* _WHAT TO DO_:
What is needed is an exact copy of the lines from the one containing "Kit de emergencia" through the last line of the entries below, both included.
━━━━━━
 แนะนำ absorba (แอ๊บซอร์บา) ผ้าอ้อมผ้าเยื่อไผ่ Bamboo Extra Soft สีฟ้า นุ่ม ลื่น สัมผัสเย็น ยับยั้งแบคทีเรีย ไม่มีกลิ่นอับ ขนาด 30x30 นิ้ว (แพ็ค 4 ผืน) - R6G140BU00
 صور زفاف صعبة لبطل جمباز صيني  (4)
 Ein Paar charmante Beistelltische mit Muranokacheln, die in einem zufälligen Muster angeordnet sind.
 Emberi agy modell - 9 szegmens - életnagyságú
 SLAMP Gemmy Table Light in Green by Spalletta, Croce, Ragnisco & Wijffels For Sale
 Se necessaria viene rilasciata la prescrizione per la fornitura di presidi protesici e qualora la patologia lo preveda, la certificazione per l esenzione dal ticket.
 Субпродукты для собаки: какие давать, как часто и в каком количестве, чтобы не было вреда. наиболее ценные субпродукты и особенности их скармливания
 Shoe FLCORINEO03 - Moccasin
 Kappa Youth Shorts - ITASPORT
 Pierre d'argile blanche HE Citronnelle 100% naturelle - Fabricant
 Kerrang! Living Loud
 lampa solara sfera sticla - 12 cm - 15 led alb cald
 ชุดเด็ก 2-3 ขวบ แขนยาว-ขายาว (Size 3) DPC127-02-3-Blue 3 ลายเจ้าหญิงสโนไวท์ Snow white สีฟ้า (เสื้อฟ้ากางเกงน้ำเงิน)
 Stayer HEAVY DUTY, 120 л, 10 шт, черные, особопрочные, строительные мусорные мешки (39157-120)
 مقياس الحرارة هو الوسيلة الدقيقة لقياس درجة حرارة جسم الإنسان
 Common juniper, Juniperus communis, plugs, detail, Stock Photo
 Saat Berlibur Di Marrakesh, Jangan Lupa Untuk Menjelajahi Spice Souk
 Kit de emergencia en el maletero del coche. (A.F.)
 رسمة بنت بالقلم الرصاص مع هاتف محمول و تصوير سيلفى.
━━━━━━
* _YOUR SOLUTION_:
 Kit de emergencia en el maletero del coche. (A.F.)
 رسمة بنت بالقلم الرصاص مع هاتف محمول و تصوير سيلفى.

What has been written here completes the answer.